But if a standard exists, that is, we've split the API from the primary
implementation of the API, then we as a re-implementer no longer need to
replicate bugs and all; we just need to do as the standard says, and anyone
relying on cpython bugs is, well, at their own fault. Compatibility claims are
no longer dependent on implementation-specific details.

And of course, it doesn't matter until a second implementation begins to
appear; there's no reason for cpython to follow (or have) the standard unless
it actually wishes to be compatible with jpython. At the same time, it makes a
lot less sense for a second implementation to appear as well, as they have to
put a lot of extra time and effort into matching cpython's implementation
details (as far as they matter; a difficult determination itself), and this
also makes it more difficult to produce an alternatively-optimized
implementation (focusing on say, memory-usage instead of speed or whatever).
So it's also a chicken and an egg problem.

So ideally everything would be an official standard, and we'd put little to no
effort into simply matching whatever the popular implementation is at the
moment, and we could criticize the mainline implementation for failing to
adhere to the standard.

In this particular scenario, to replace smyte everywhere, transparently, you'd
both have to adhere to the API and whatever details incidentally exposed by
the API, because you have no protocol to actually reference (the protocol is
whatever smyte was doing).
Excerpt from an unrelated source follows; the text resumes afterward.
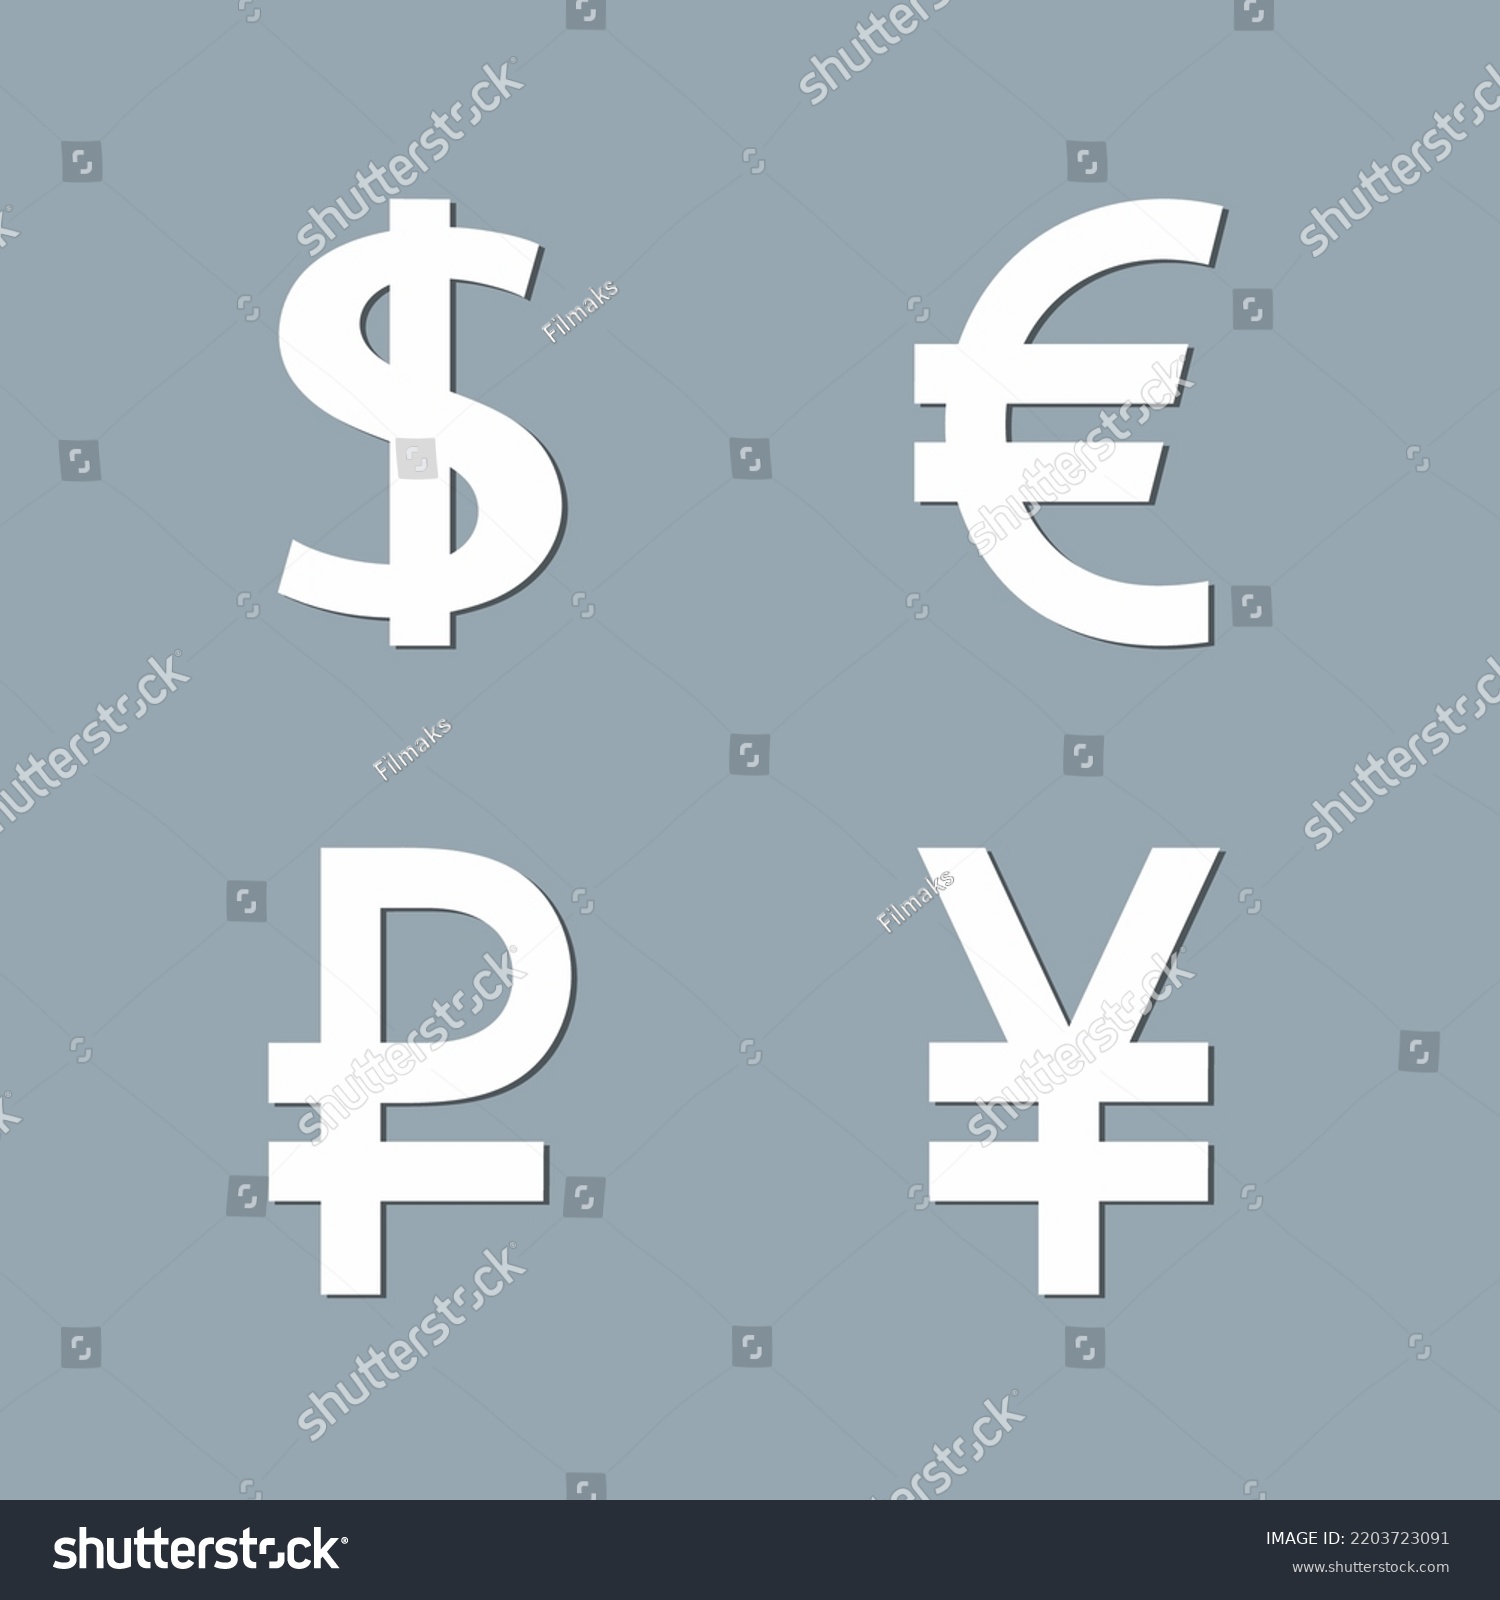 Símbolos Monetarios Euro Dólar Yenes Calidad Vector De Stock Libre De Regalías 2203723091 5252

But thats also particularly difficult here, since
you can't even test it against an implementation of smyte anymore..

------
wmil
Given the speed there might have been a legal reason.

Perhaps they were in violation of either the GDPR or their customer data
agreements.

------
sidcool
This is also a responsibly of the founders of Smyte. They cannot just leave
the customers hanging.

------
jnbiche
Unless it turns out that Twitter blatantly lied to Smyte's founders regarding
how they would shut down the service, I personally will never use any service
or software that these founders create in the future. This is absolutely
unbelievable, even for Twitter.

[I've removed the founders' names, even though I strongly disagree with the
characterization that I was somehow acting out of rage. My intent was rather
consumer advocacy. I've had a service cut off in a similar way, and I view
such behavior as being unethical. Fine if you disagree, but please don't
characterize my emotional state that led to this post (which itself is in
violation of HN's admonition to "Assume good faith")]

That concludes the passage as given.